Notice: On April 23, 2014, Statalist moved from an email list to a forum, based at statalist.org.
[Date Prev][Date Next][Thread Prev][Thread Next][Date Index][Thread Index]
RE: st: Why many things have Normal distribution
From
Joe Canner <[email protected]>
To
"[email protected]" <[email protected]>
Subject
RE: st: Why many things have Normal distribution
Date
Sat, 31 Aug 2013 20:31:21 +0000
Yes, I would agree. I'm not sure that was the gist of the original question, but it's probably just as well that the conversation was turned to more practical applications, i.e., repeated sampling and the CLT.
As to categorizing the distributions in nature, that is probably like calculating the number of angels on the head of a pin. So, yes, we should probably move on to better uses of our time...

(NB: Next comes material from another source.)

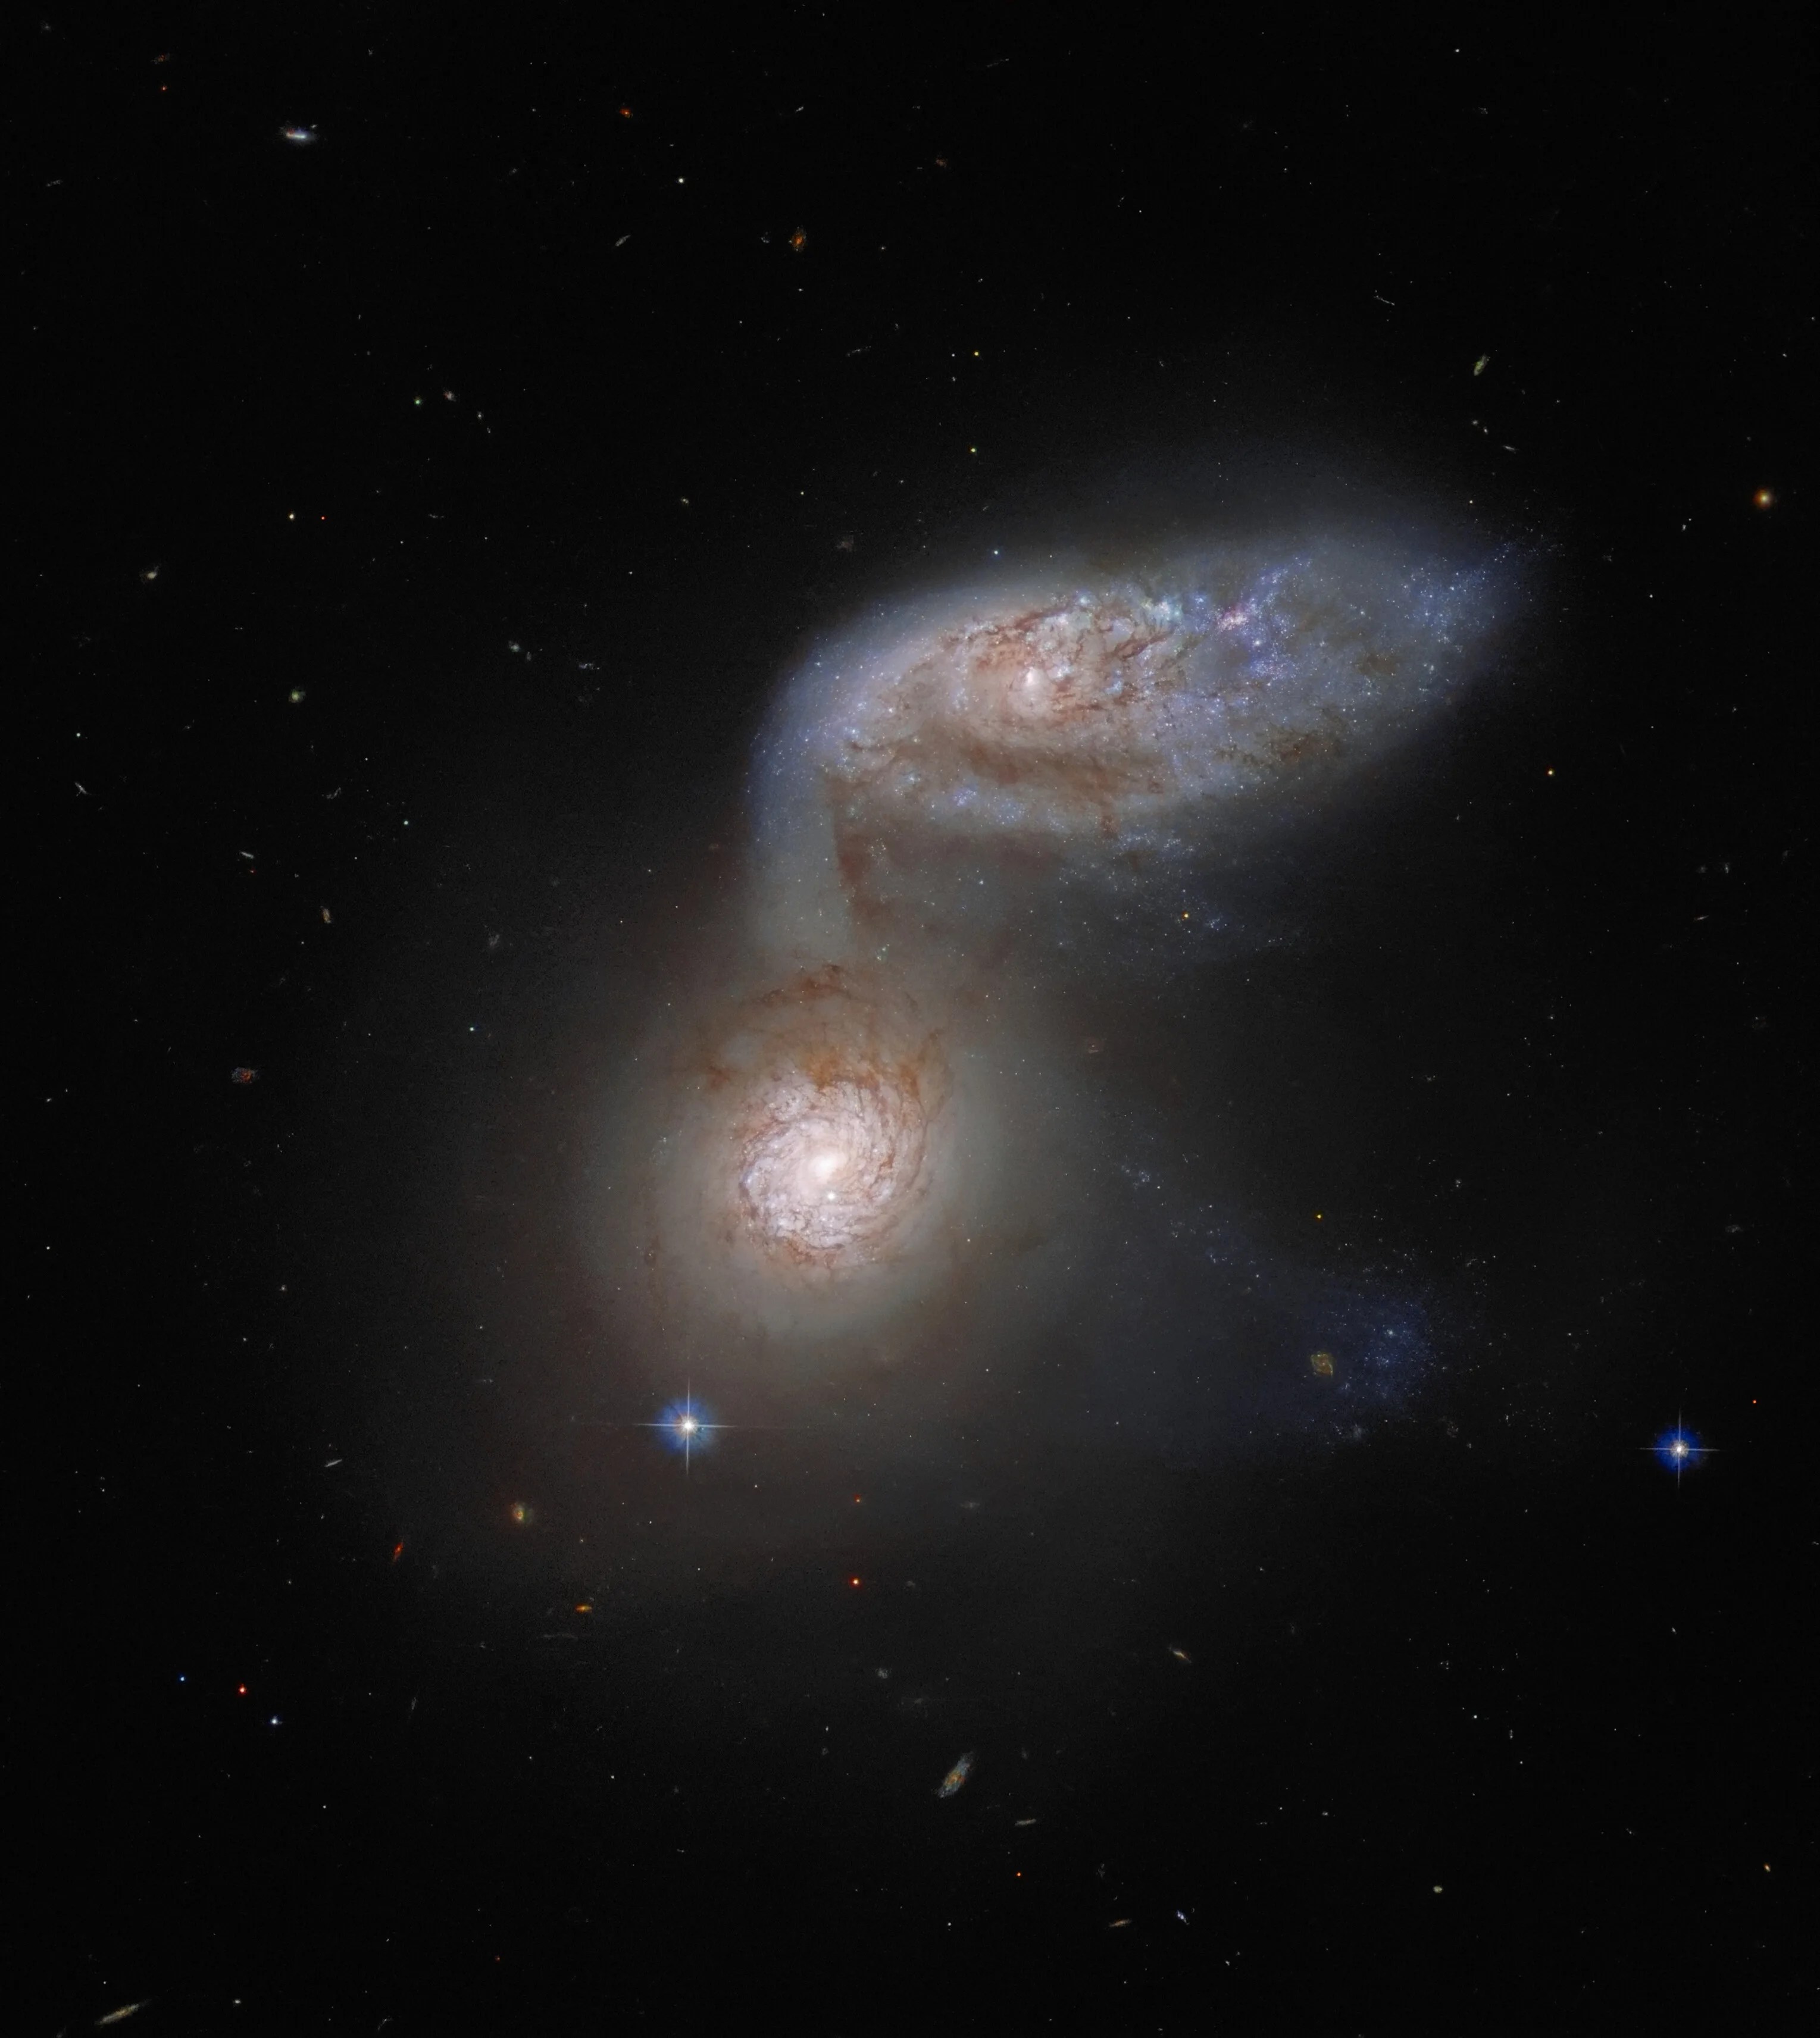 This nasa/esa hubble space telescope image features two interacting galaxies that are so intertwined, they have a collective name – arp 91. their delicate galactic dance takes place more than 100 million light-years from earth.
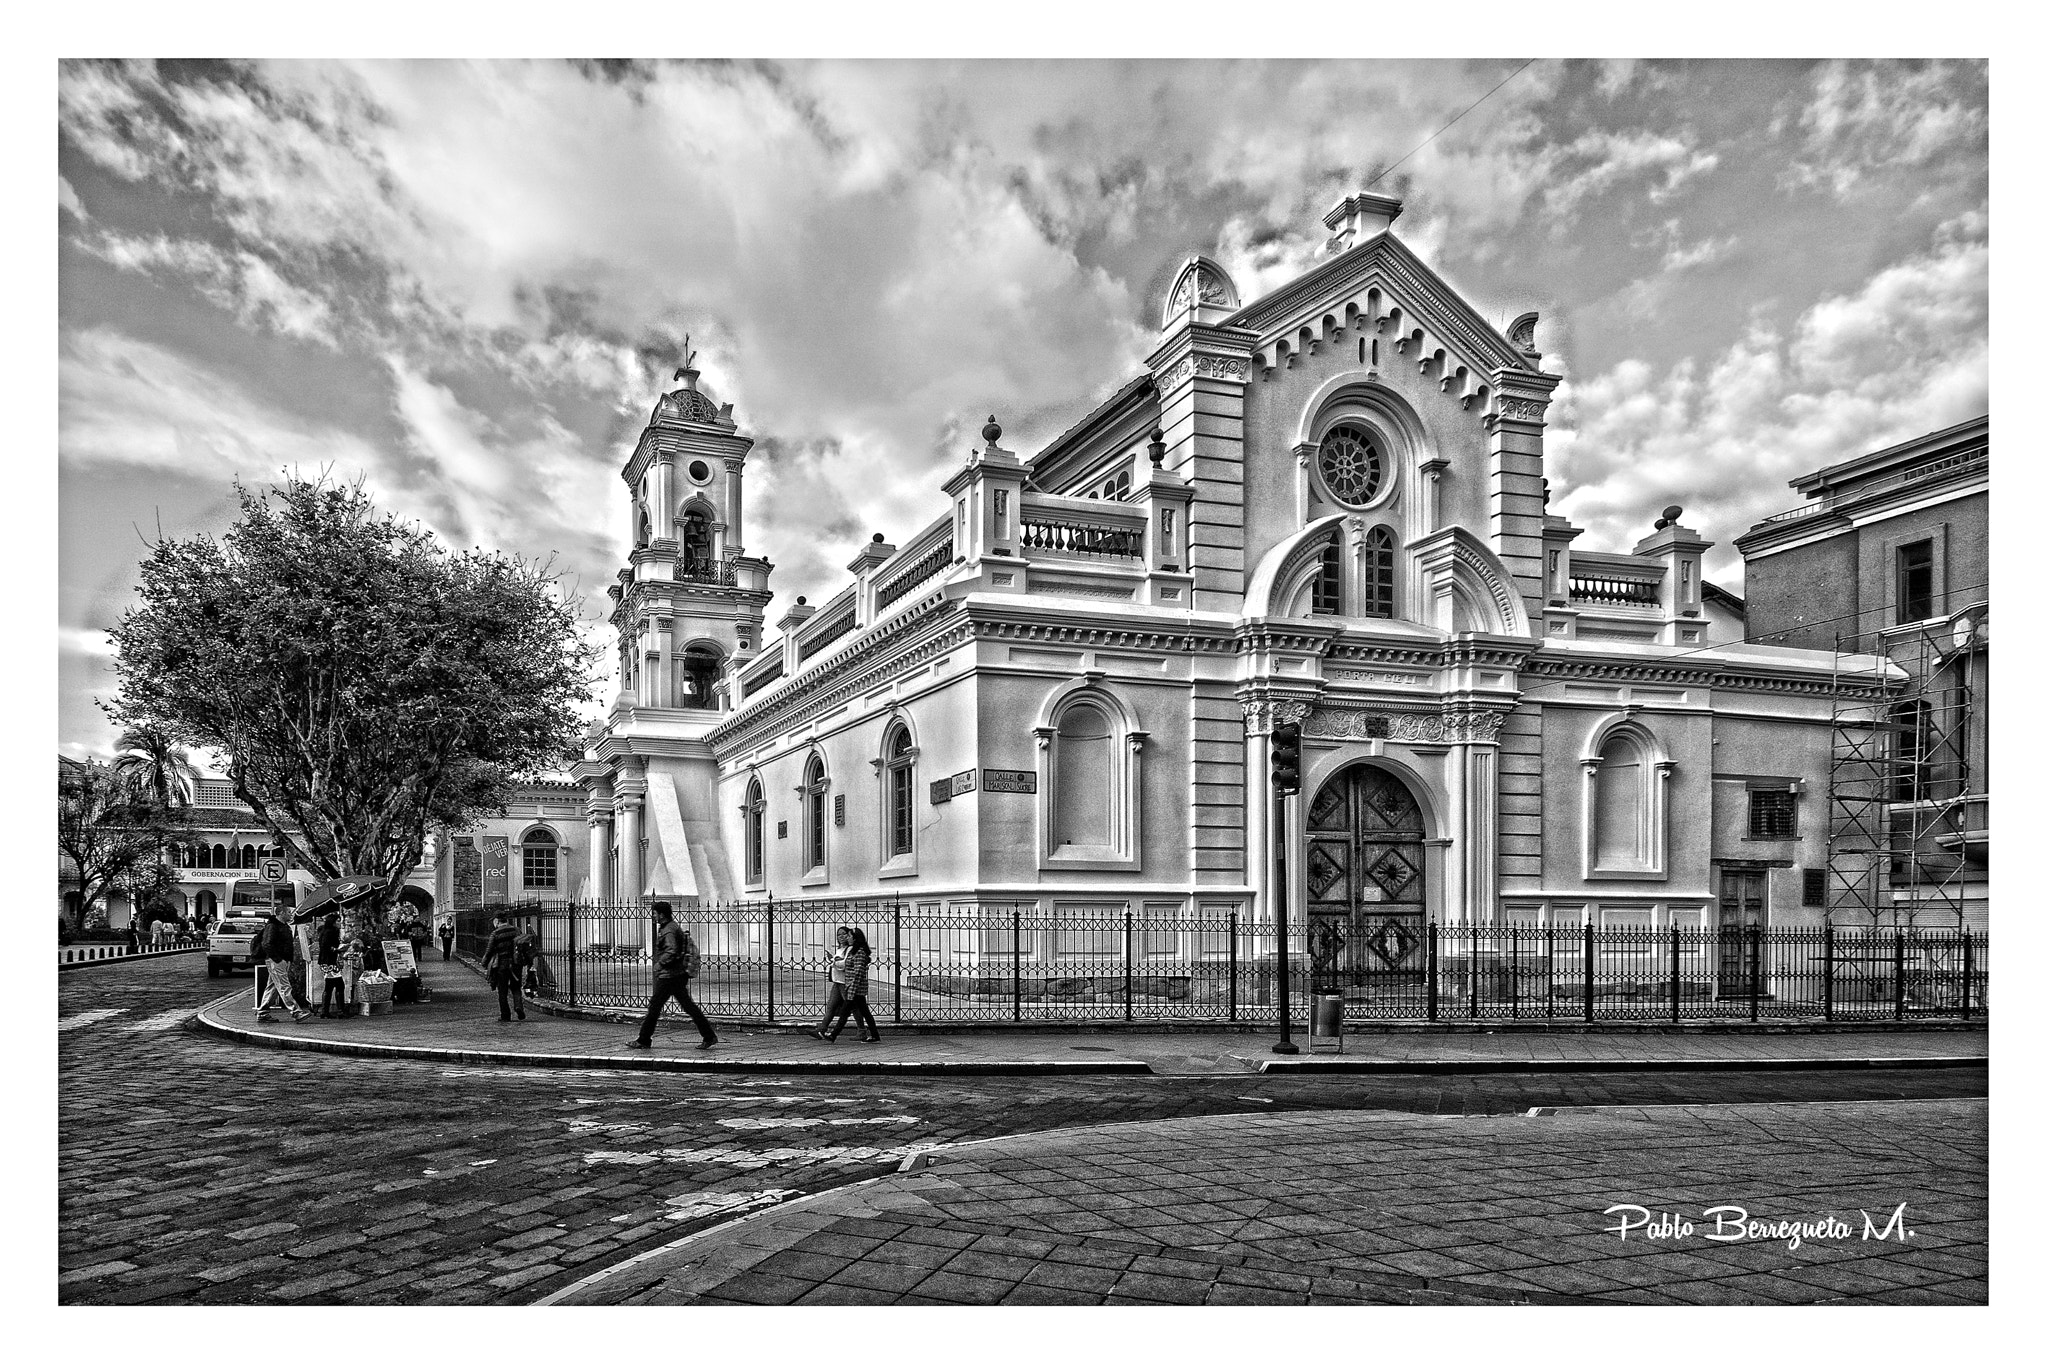 Sony ILCA-77M2 + Tamron SP AF 10-24mm F3.5-4.5 Di II LD Aspherical (IF) sample photo. Catedral vieja cuenca ecuador photography

________________________________________
From: [email protected] [[email protected]] on behalf of Lucas [[email protected]]
Sent: Saturday, August 31, 2013 4:23 PM
To: [email protected]
Subject: Re: st: Why many things have Normal distribution
Well, can we agree that:
The number of distributions of parameter estimates upon repeated
sampling that are normally distributed dwarfs the number of
"distributions from nature" that are normally distributed?
And, I hope we can agree that inferential statistics is far more
concerned with the former than the latter. Alas, many take the former
claim to imply the latter.
Parenthetically, though, it is possible that more than half of the
"things" in nature are actually discrete, not continuous, which would
imply that any claim that most "things in nature" are normal is wrong.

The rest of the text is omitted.